◆ Directions: Where the records below show a line containing "Пункты выдачи Яндекс Маркет в Рязани", start copying; end with the line containing "Chandra Mahal, City", and copy it too.
Start of Source information
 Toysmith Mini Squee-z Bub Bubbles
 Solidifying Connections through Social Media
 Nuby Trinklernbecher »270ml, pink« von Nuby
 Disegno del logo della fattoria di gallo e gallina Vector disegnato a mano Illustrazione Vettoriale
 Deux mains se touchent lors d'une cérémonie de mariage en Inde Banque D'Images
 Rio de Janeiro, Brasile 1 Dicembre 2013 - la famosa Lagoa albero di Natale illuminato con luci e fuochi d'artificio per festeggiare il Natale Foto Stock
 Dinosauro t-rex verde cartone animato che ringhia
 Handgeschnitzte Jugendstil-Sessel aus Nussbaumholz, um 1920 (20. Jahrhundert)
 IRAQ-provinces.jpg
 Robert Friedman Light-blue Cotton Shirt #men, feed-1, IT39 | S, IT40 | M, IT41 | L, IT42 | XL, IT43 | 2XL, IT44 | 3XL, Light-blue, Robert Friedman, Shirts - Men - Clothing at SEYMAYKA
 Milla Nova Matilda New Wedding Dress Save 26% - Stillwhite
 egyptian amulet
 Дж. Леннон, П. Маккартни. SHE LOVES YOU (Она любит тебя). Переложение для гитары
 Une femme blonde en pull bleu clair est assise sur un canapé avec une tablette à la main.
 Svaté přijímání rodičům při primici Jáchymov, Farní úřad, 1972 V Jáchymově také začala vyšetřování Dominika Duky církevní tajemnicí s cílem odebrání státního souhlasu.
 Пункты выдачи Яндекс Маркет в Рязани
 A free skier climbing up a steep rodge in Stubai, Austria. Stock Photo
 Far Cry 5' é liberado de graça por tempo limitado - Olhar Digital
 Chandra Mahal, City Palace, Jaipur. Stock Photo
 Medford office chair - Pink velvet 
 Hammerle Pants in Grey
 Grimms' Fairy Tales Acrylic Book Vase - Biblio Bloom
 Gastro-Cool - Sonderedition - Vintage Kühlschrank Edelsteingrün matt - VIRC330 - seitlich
End of Source information
◆ Your solution:
 Пункты выдачи Яндекс Маркет в Рязани
 A free skier climbing up a steep rodge in Stubai, Austria. Stock Photo
 Far Cry 5' é liberado de graça por tempo limitado - Olhar Digital
 Chandra Mahal, City Palace, Jaipur. Stock Photo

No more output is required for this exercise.